Tuesday, July 24, 2018

Prince Salman's Sovereign Wealth Fund Looks Sick, But I Wouldn't Call It Dead Nor Suggest Coffins Need Filling -- July 24, 2018

Updates

July 28, 2018: it's official -- the Saudi Aramco IPO is dead. At least according to oilprice.com.
Two things here:
  • First, nobody besides MbS wants the deal. Aramco Chairman Khalid al-Falih "has long been opposed to a deal for Sabic" the WSJ sources said.
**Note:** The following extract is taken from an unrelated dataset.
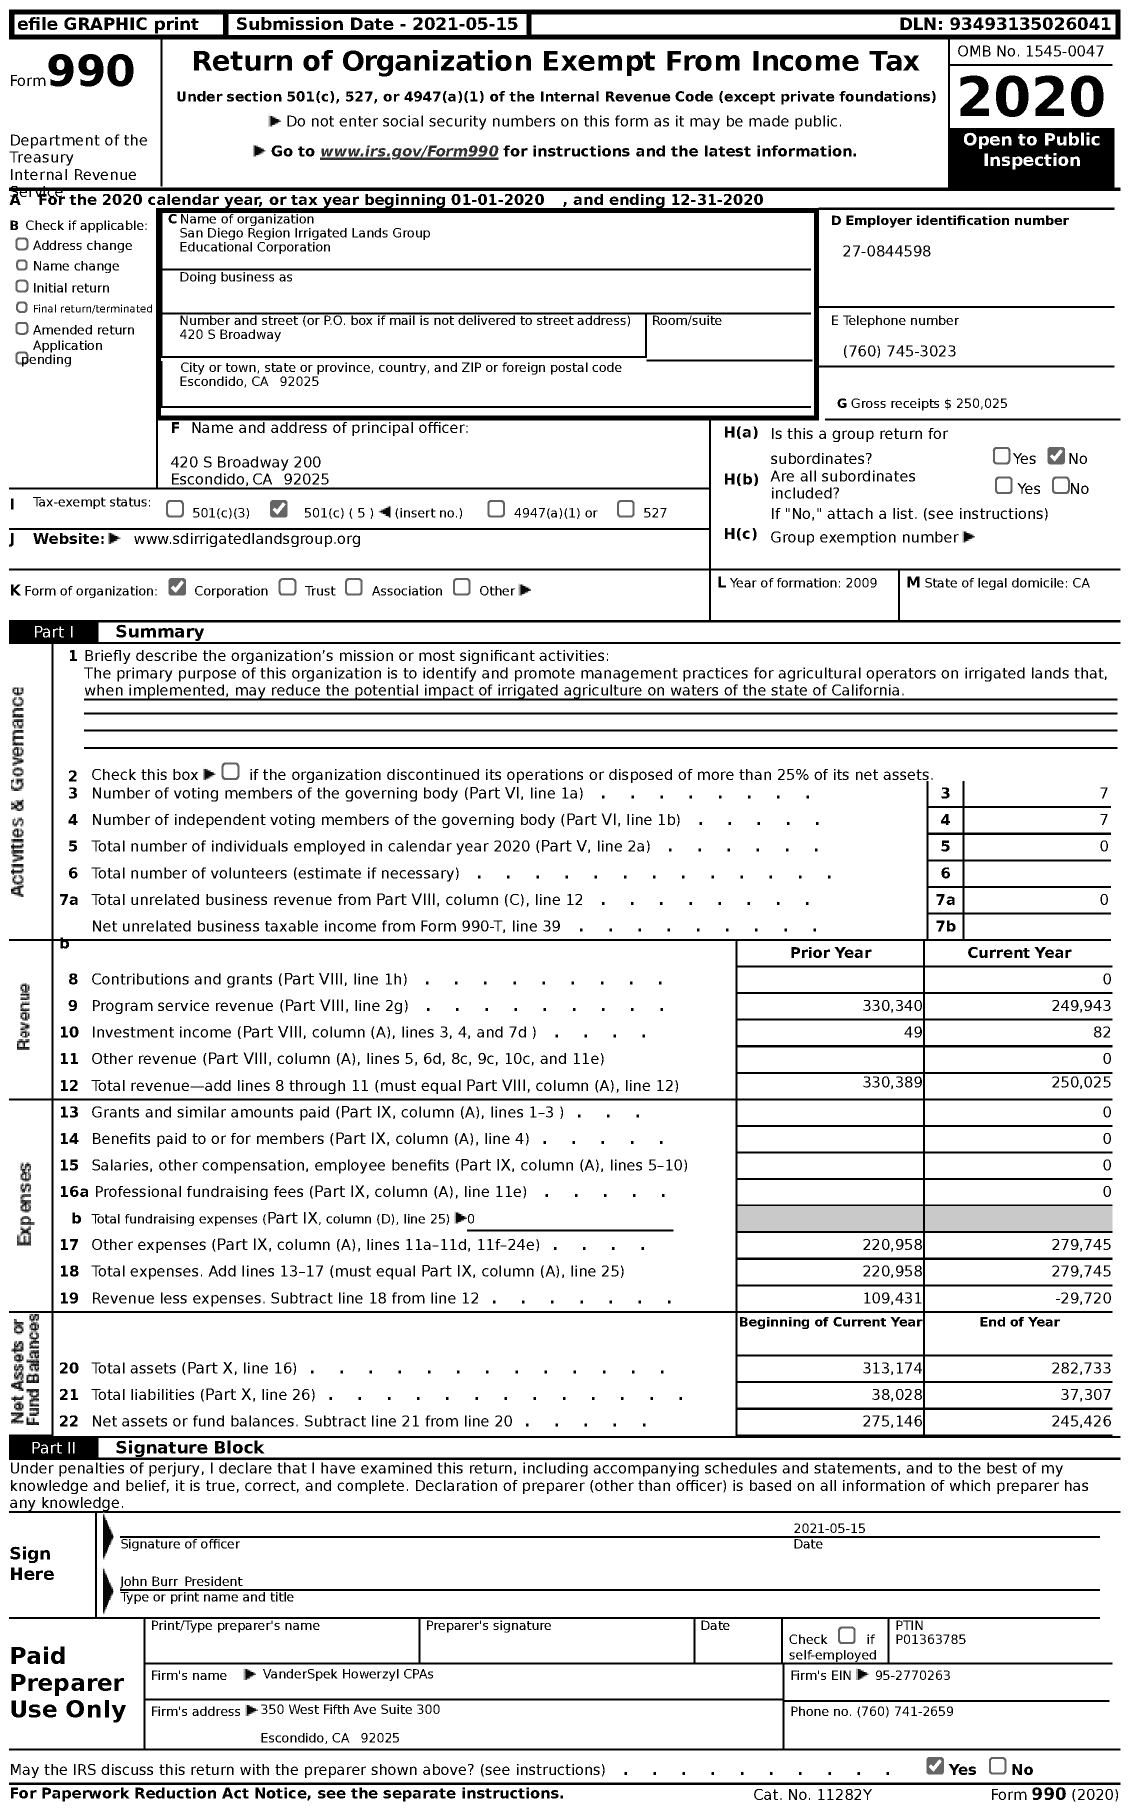 Image of first page of 2020 Form 990 for San Diego Region Irrigated Lands Group Educational Corporation
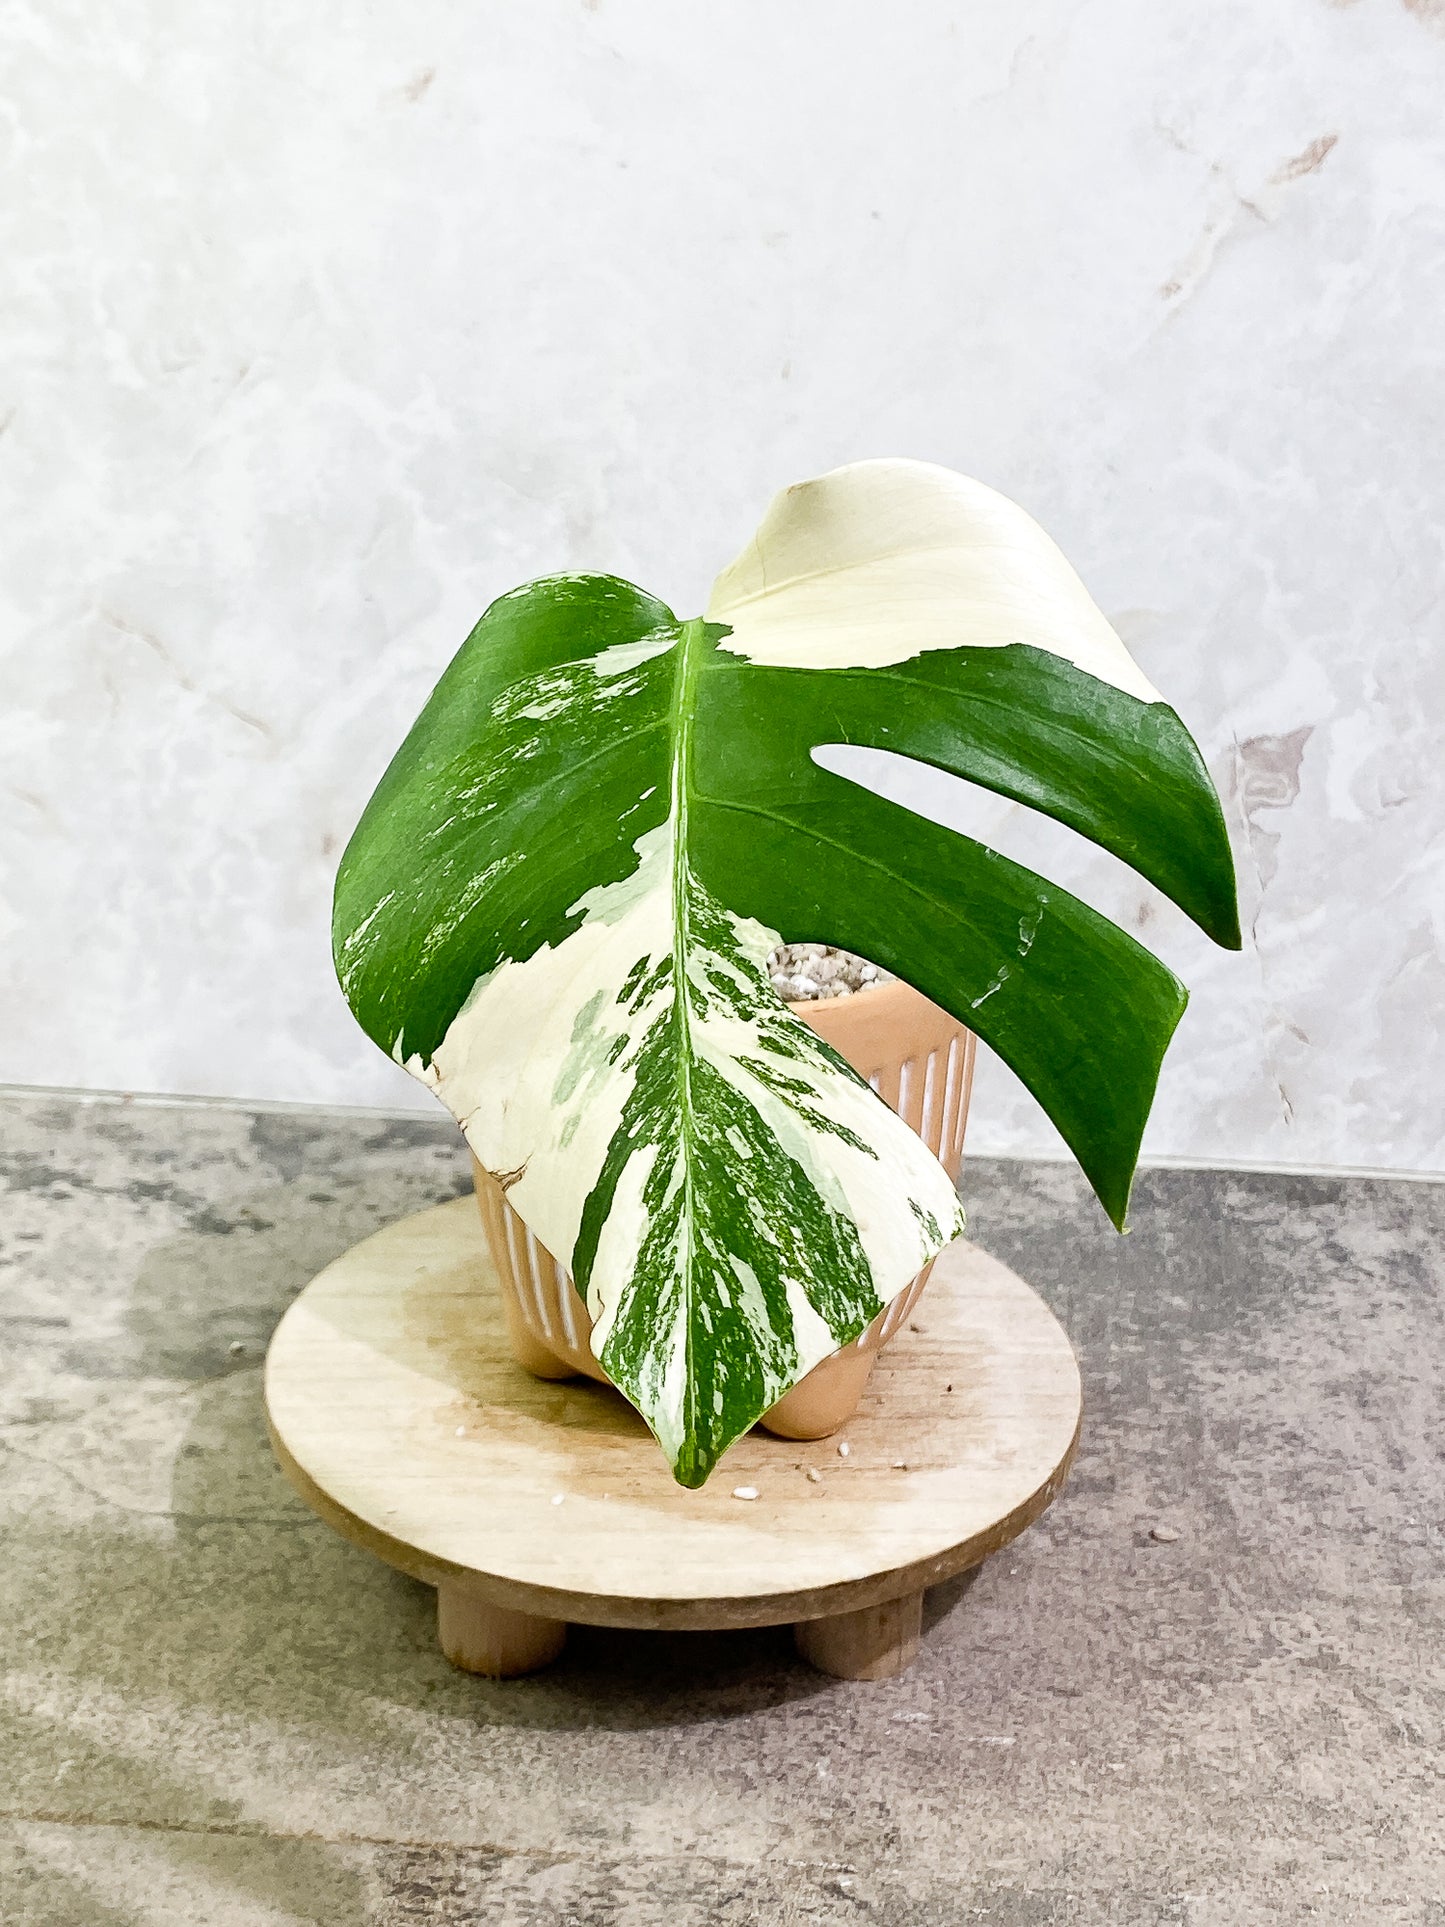 Monstera Albo Variegated 1 leaf 1 activated bud fully rooted

Meanwhile, Sabic executives worry that the company "would lose its identity in any deal."
  • Second, in the absence of an Aramco IPO, Saudi Arabia really has no option; Prince Mohammed’s advisers see a deal between the kingdom’s two largest companies as central to remaking the economy.
And the Saudi economy desperately needs remaking: even though oil prices recently have risen, following the 2014/2015 oil price crash which forced the government to inject billions into the economy (and liquidate more billions in reserves) to keep the populace content and the economy operating, the government is running a massive budget deficit this year after announcing the biggest fiscal stimulus package in the country’s history.
July 27, 2018: Aramco considers bond sale to buy SABIC stake. And it's a 70% stake. Also here.

Original Post 

I don't know how widely accepted the views are in this op-ed over at oilprice.com, but gleaning what seem to be the facts from the article suggests this is as good a place to start as anywhere to understand the huge news reported overnight.

Six data points, first.

First, Prince Salman's Vision 2030: take a very small part of Saudi Aramco public; the process has been delayed by one to two years, maybe more, depending to whom one listens.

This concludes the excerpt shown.